The third risk is the one nobody in this market talks about, because naming it feels impolite: Mark Zuckerberg. Meta’s ability to service all of this off-balance-sheet debt — to renew those leases, honour those residual value guarantees, maintain those long-term nuclear offtake agreements — depends on Meta remaining a dominant, profitable company for two decades. The residual value guarantee on Hyperion is only as good as Meta’s balance sheet. And Meta’s balance sheet, magnificent as it currently is, is 67% committed to capex guidance that assumes AI pays off at a scale that has not yet been demonstrated.

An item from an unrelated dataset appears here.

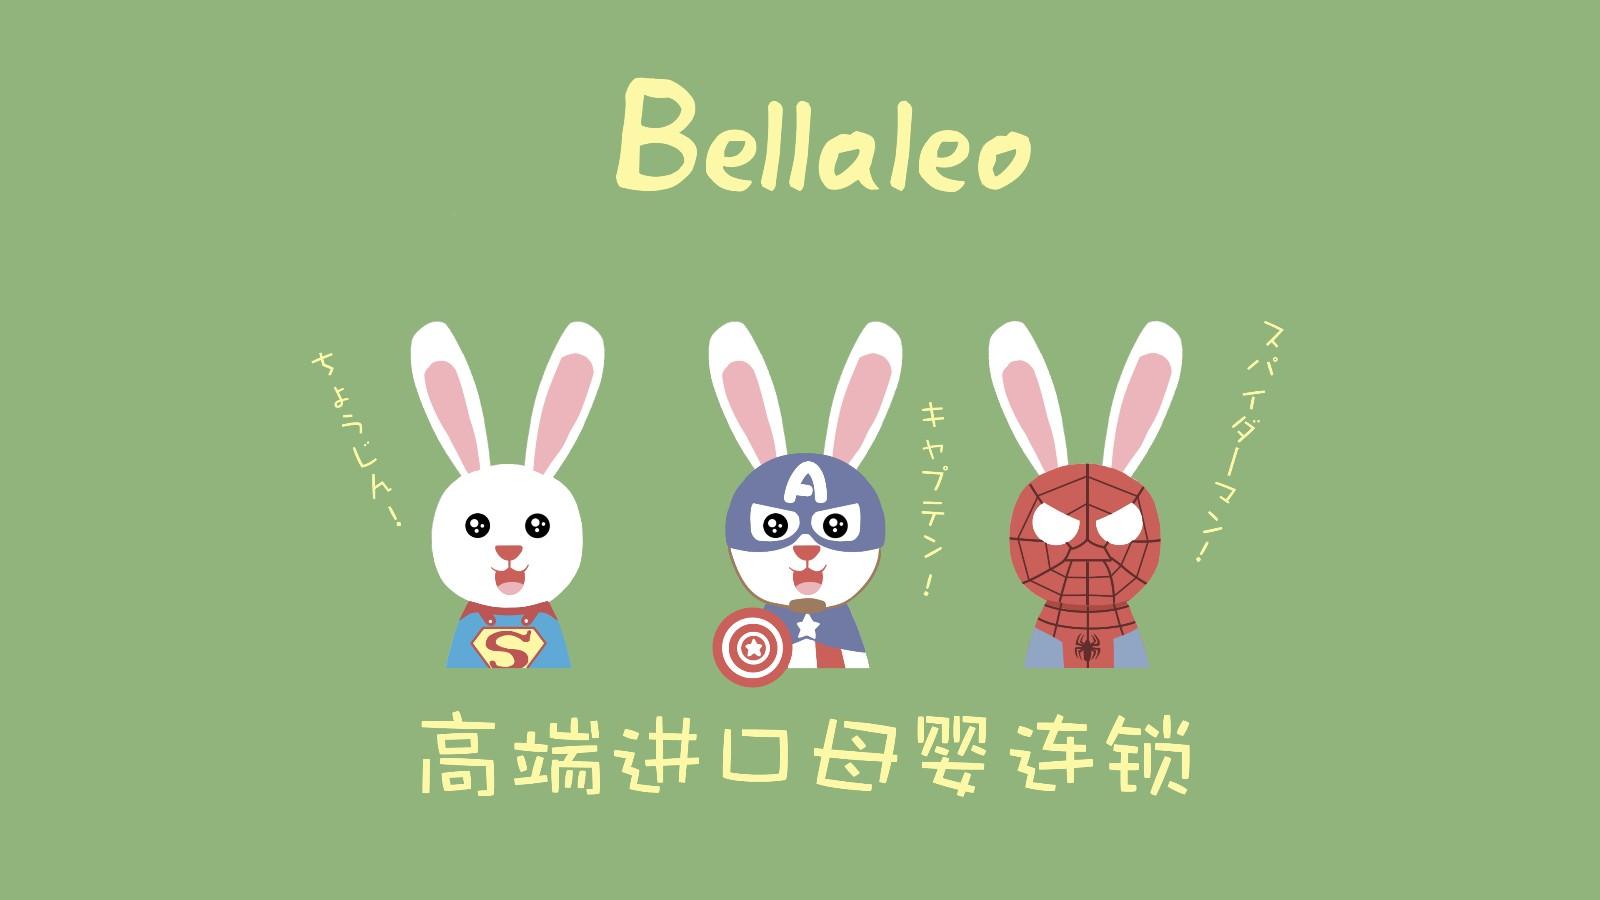 Bellaleo贝乐国际首推无忧加盟,PK Qtools双兔争雌雄

What Investors and Policymakers Should Do Next

Project Walleye will not be the last of its kind. If it closes at anywhere near $3 billion with the integrated construction-plus-power structure the FT describes, it will become the reference transaction for every hyperscaler in America trying to finance its own power independence. Morgan Stanley’s phone will ring. So will every ratings agency’s model team, every insurance company’s alternatives desk, and every sovereign wealth fund that has been circling digital infrastructure without quite finding the right entry point.

For investors, the opportunity is real but requires a discipline the market has not yet consistently displayed. Price the obsolescence risk. Distinguish between an A+ rating on a Meta-backed lease and an A+ assessment of a 200-megawatt gas plant built in 2026 for a tenant whose compute architecture may look unrecognisable in 2040. Demand transparency on exit mechanisms, walk-away provisions, and stranded asset liabilities. The Hyperion bonds traded to 110 cents on the dollar not because they were priced correctly but because demand exceeded supply. That is a market signal about appetite, not about fundamental value.

For policymakers — particularly in Ohio, Louisiana, and the dozen other states now competing aggressively for hyperscale investment — the lesson of Project Walleye is that the financial structure of these deals has real-world consequences that extend beyond the fence line of the campus. When lenders finance the power plant alongside the building, who bears the residual risk if the tenant leaves? That question deserves a legislative answer before the next $3 billion deal closes, not after.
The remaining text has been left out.